In patents filings made public this week, Oculus describes a couple different technologies that could make its virtual reality even more realistic and immersive. The patents describe a couple methods for simulating touch in VR environments, one of which includes a “skin stretch instrument.”
It’s not as terrifying as it sounds. Pick up any object near you right now, notice how your hand cradles it, which parts of your hand are touching it. Those are the little details Oculus is looking to simulate. A smart phone feels different in your hand than an orange does, or a water bottle, or a coffee cup. These objects all feel different, in part because we hold them differently. Add on to that the fact that everyone holds objects in a slightly different way, and you can see how simulating your sense of touch can get pretty complex.

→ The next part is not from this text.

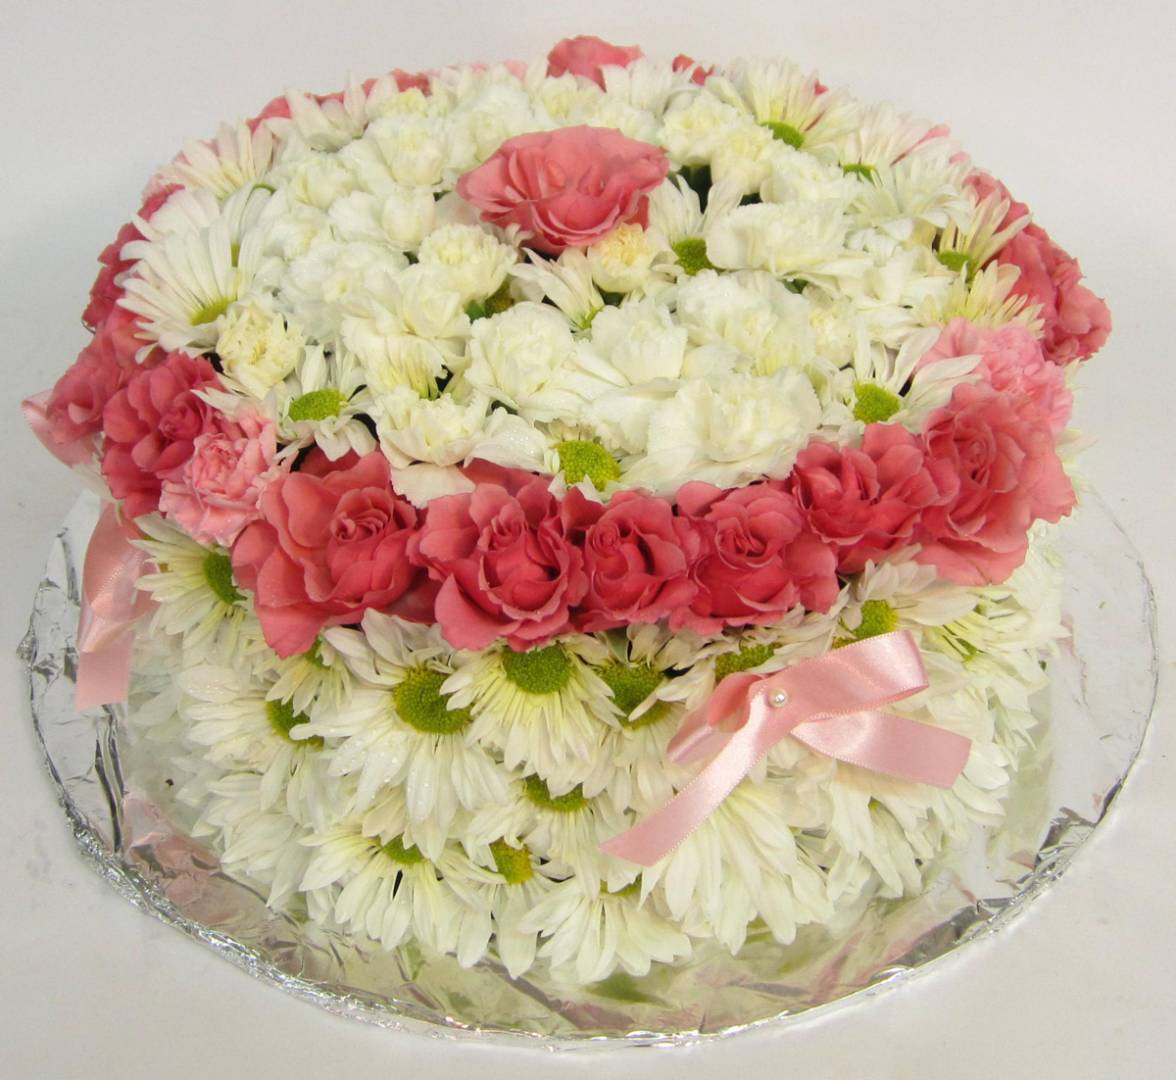 Λευκή τούρτα με ρόζ λεπτομέρειες

Oculus’ solution is a simple one: Build a haptic glove that can calibrate itself by simply monitoring how you interact with real objects. The first patent describes a technology that would live in the fingers, fingertips, and palm of a haptic glove. This is the “skin stretch instrument” really what it’s doing is measuring how your skin stretches, or compresses, when you pick up real-world objects. By measuring that, it’s able to calibrate itself to simulate those kinds of pressure.

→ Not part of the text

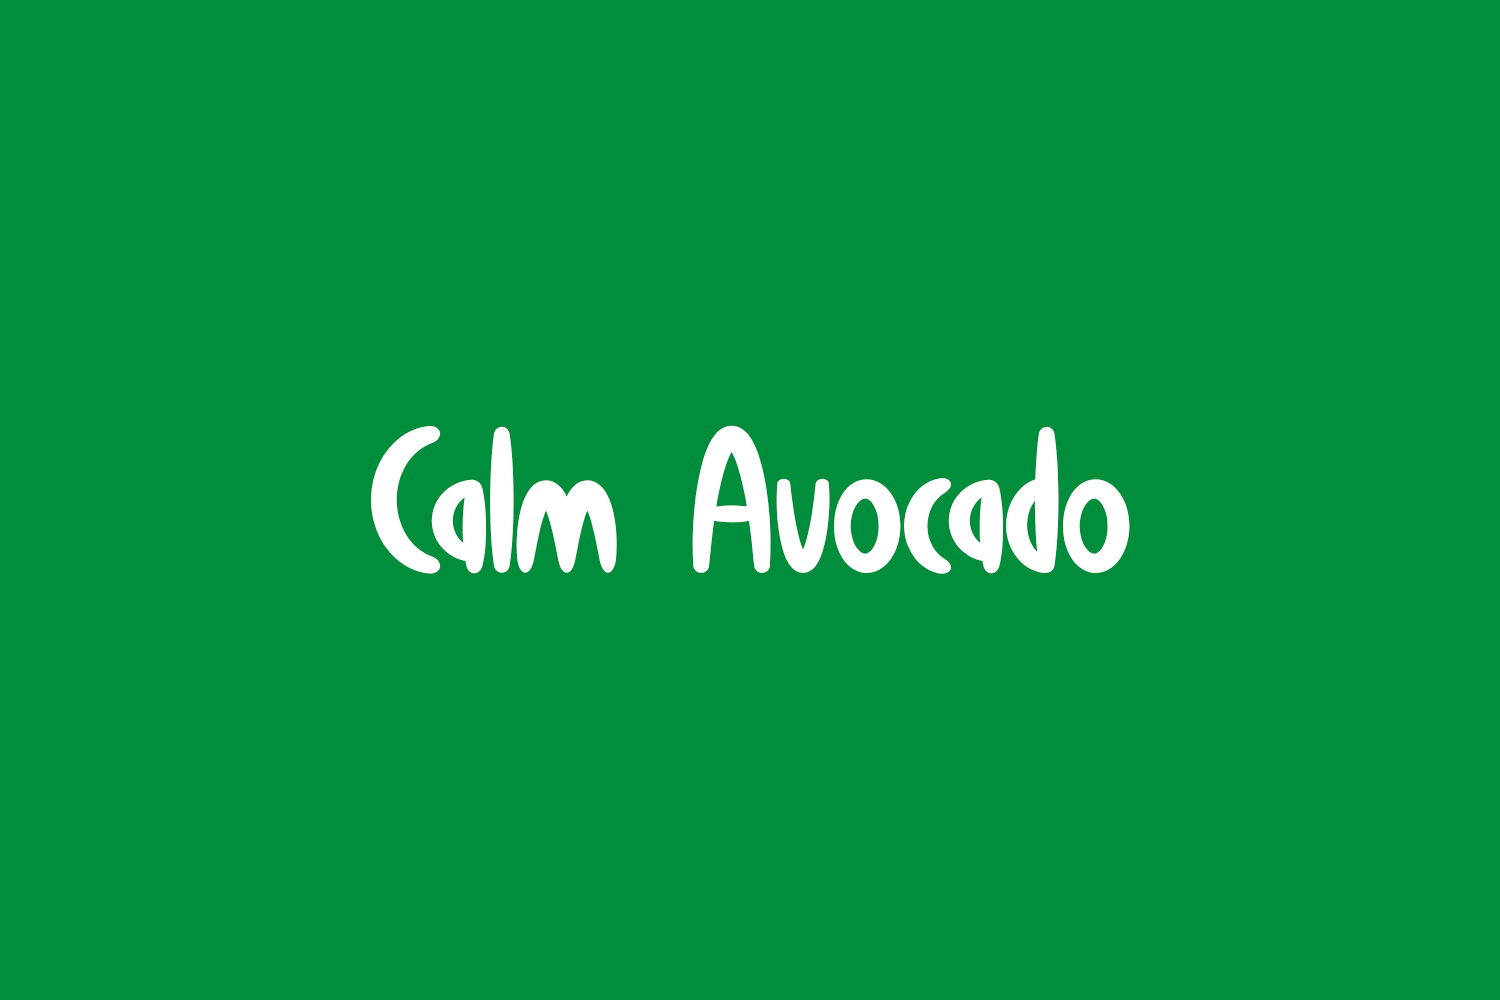 Calm Avocado Free Font

Think of it this way: By picking up an object, the object is basically pressed against your skin in a couple different places on your hand. These haptic gloves would measure where the object presses against your skin, and how hard, and then using that information it would essentially learn how to use its internal “skin stretching” instruments to simulate physical touch.

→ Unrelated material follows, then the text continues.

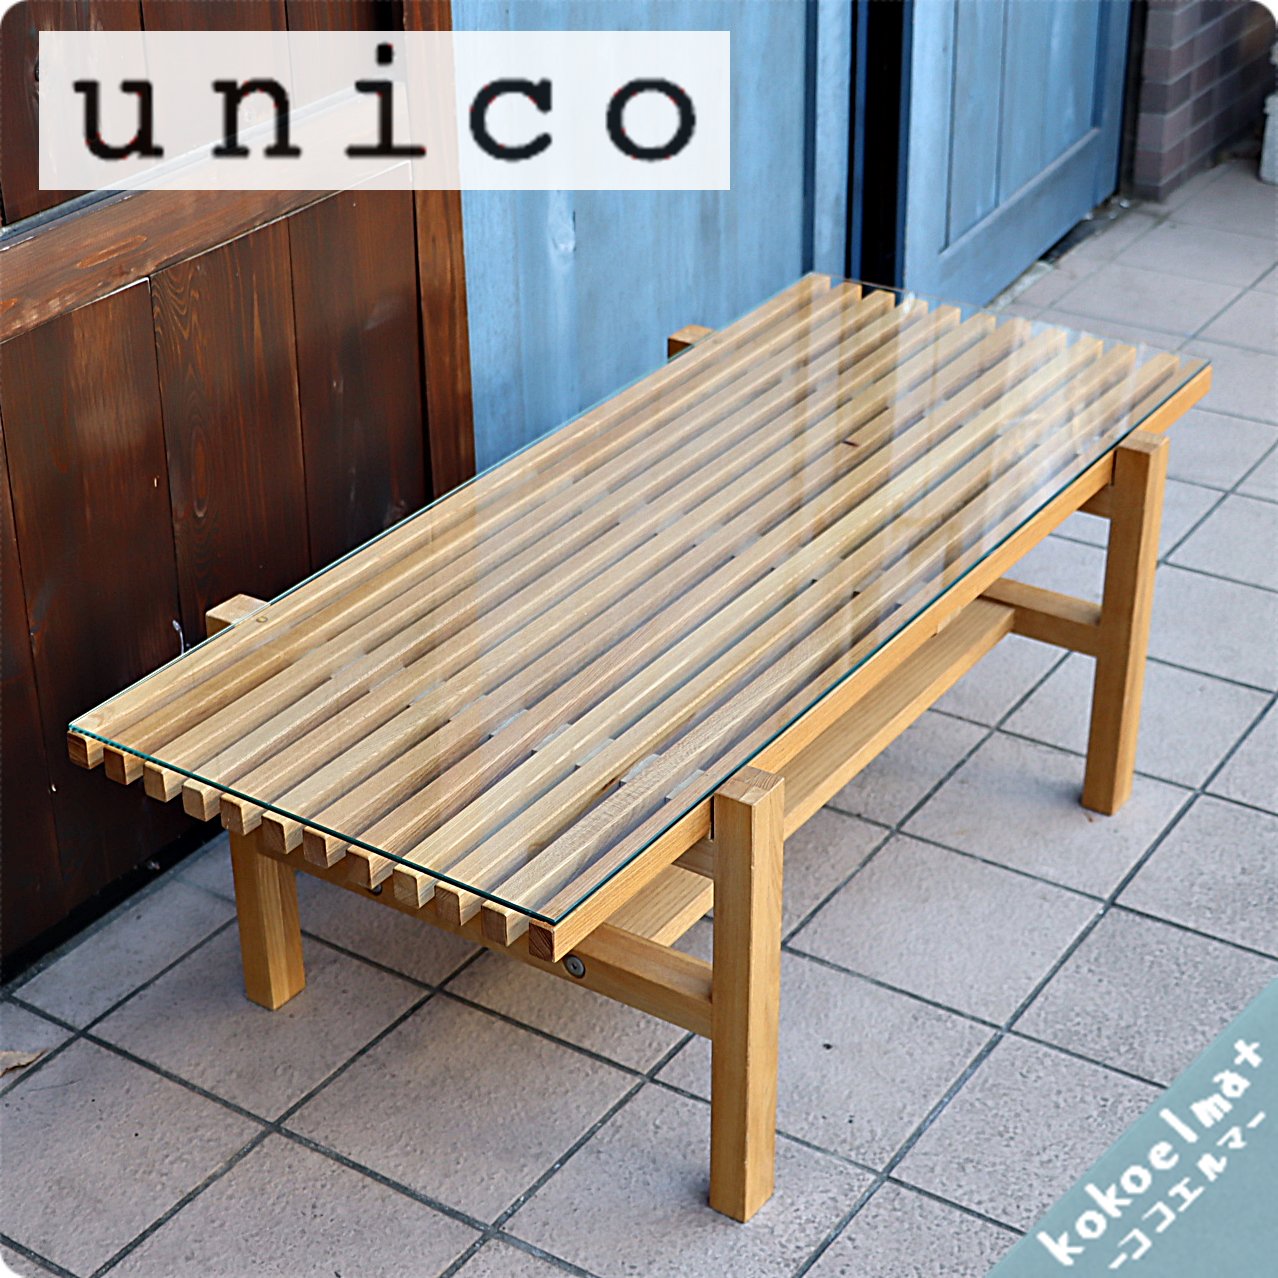 値下げ/unico(ウニコ)よりLIJN(レイン)シリーズのローテーブルです

To do that, the haptic gloves have a couple different methods at their disposal. First, it appears they will have a number of small “gears” or “rollers” in the fingers and palm of the glove, these will both record the calibration interactions described above, and provide mechanical feedback to simulate touch.
“The skin stretch sensor includes a mechanism that may comprise one or more gears and rollers that rotate when the user interacts with a real object,” the patent application reads. “The feedback surface is configured to simulate a force associated with the interaction with the surface.”
The second patent filing also concerns simulating touch once it’s recorded and calibrated by having the user interact with real-world objects. This patent filing uses expandable bladders hidden inside the haptic glove that can expand or contract, like miniature balloons, to apply pressure to your hands to simulate interaction with real objects.